• What you have to do:
Give back exactly the line containing "Banner-Impact of GDPR" and all that follow it in the data below, with the pictures left out.

• Data:
☆ ☆ ☆

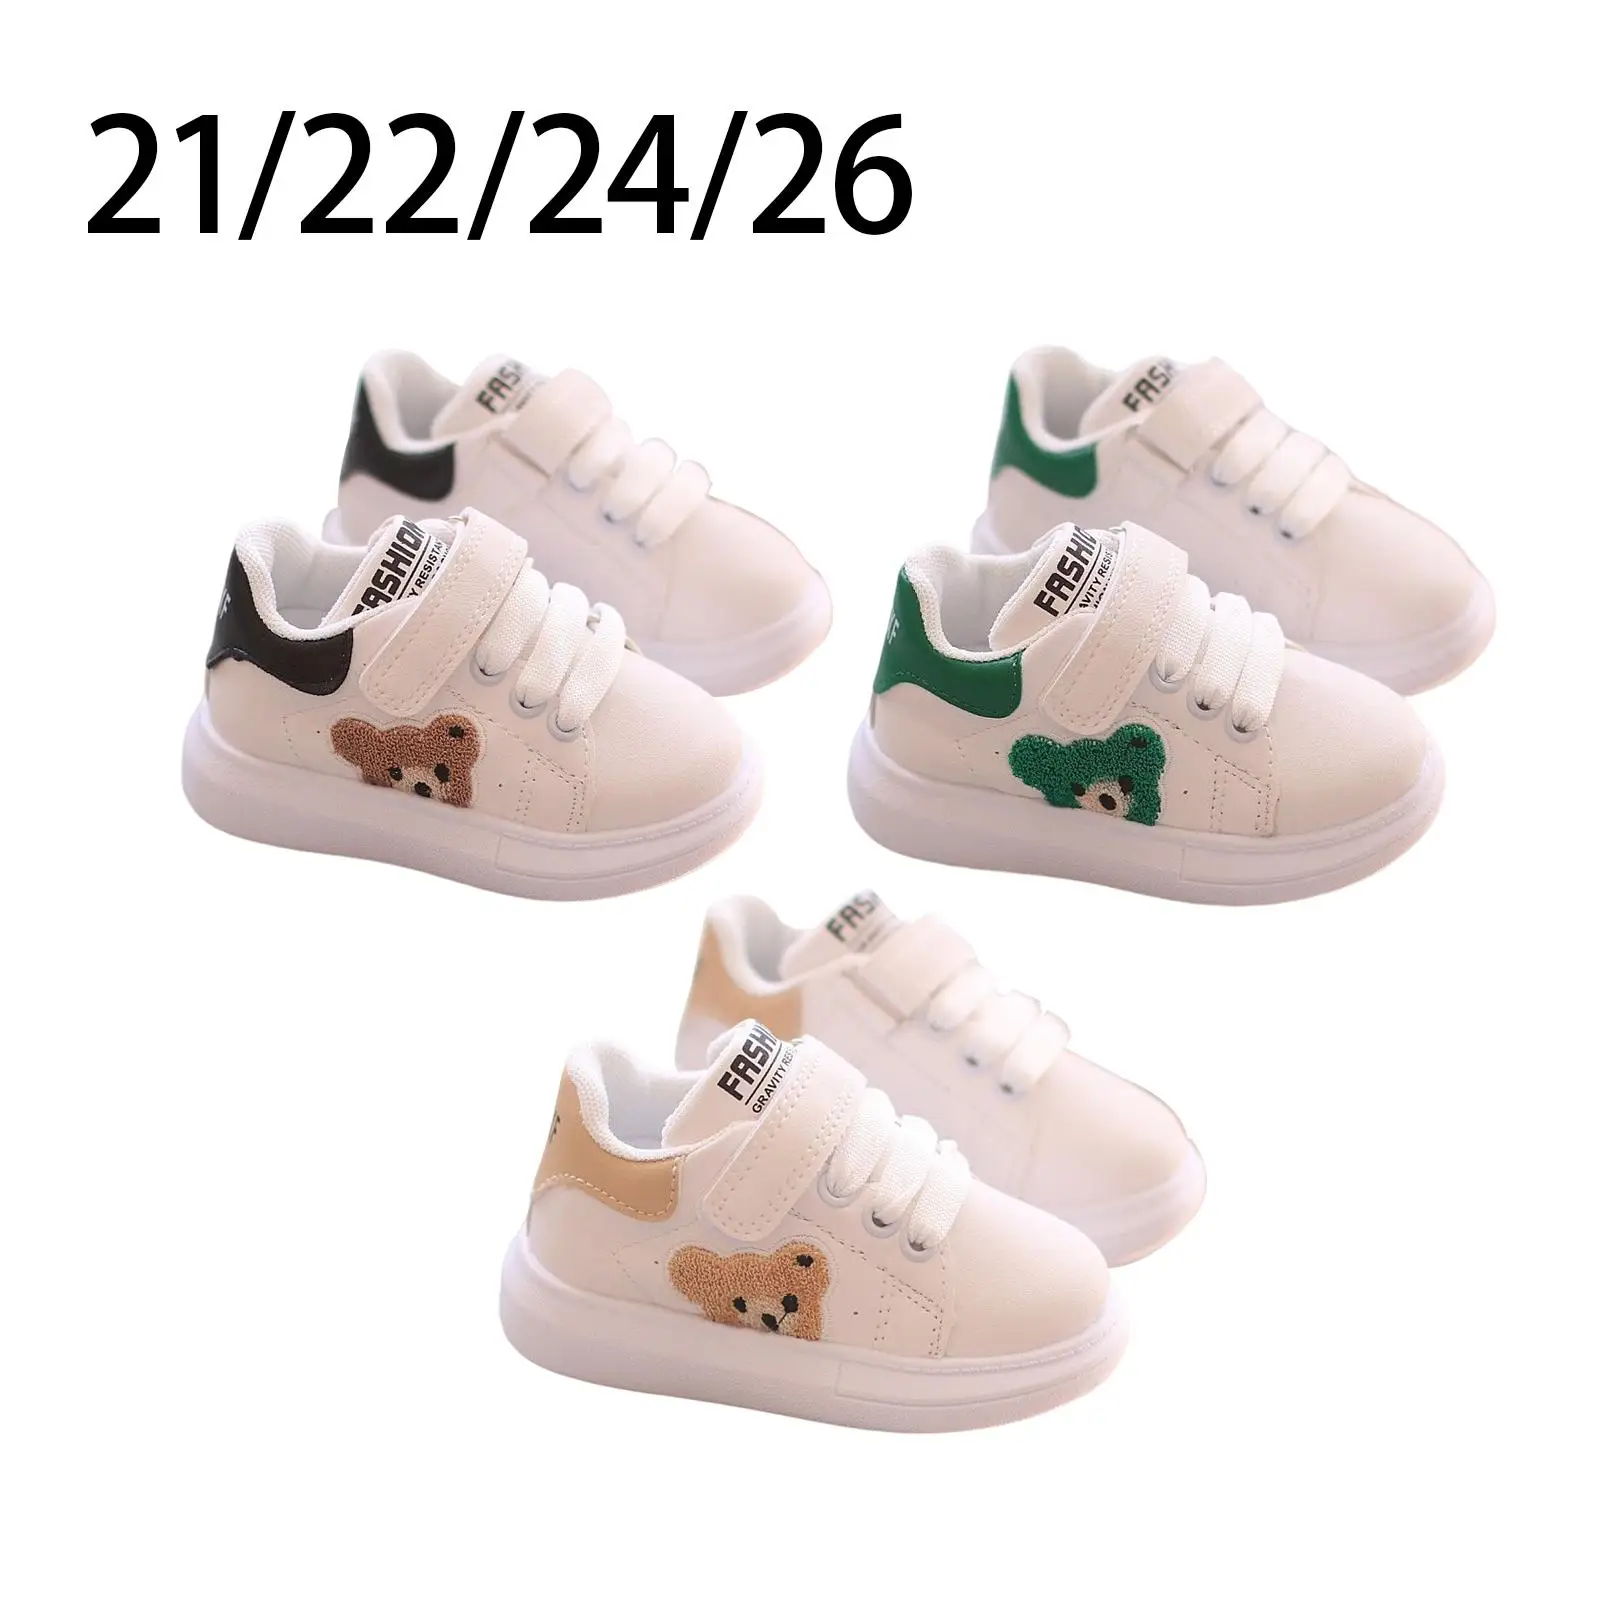 Nonslip Infant Sneakers Flat Shoes Casual with Bear Embroidery Crib Trainers Soft PU Leather Walking Shoes for Kids Unisex Child
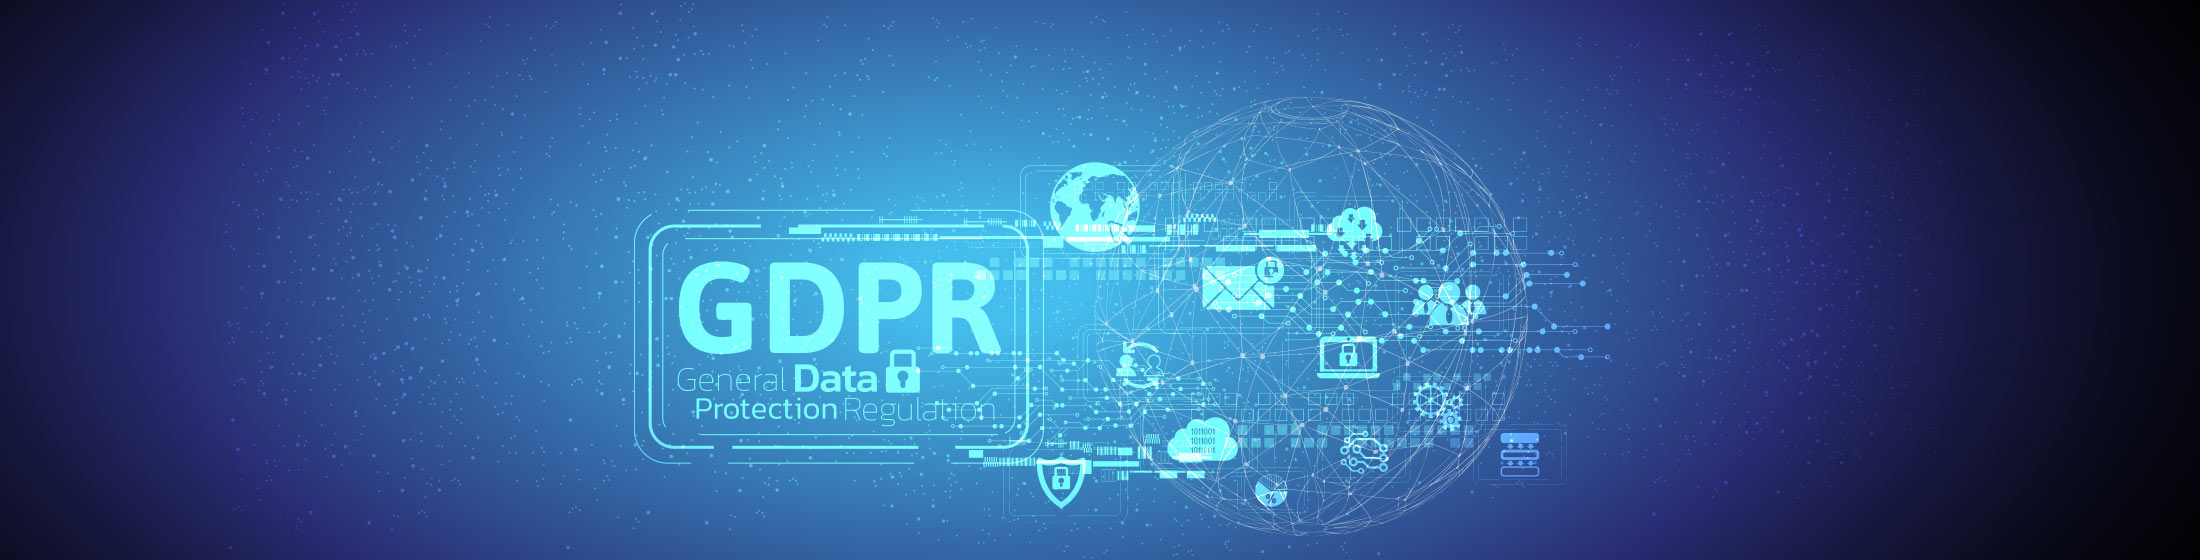 Banner-Impact of GDPR on Enterprise Cybersecurity Practices
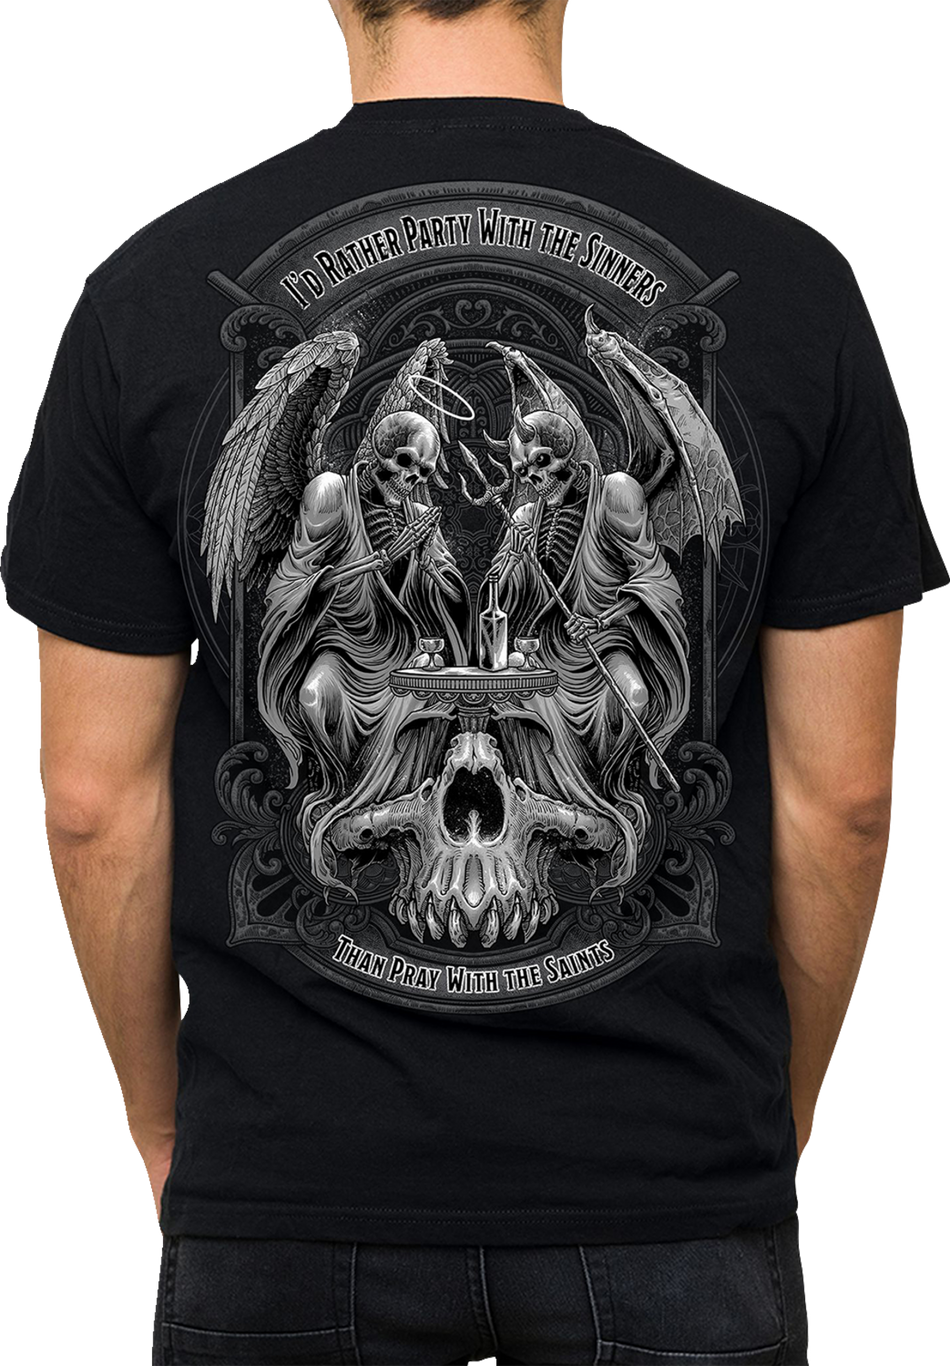 LETHAL THREAT Party with the Sinners T-Shirt - Black - 4XL LT20905-4XL

☆ ☆ ☆

• Answer section:
 Banner-Impact of GDPR on Enterprise Cybersecurity Practices
 LETHAL THREAT Party with the Sinners T-Shirt - Black - 4XL LT20905-4XL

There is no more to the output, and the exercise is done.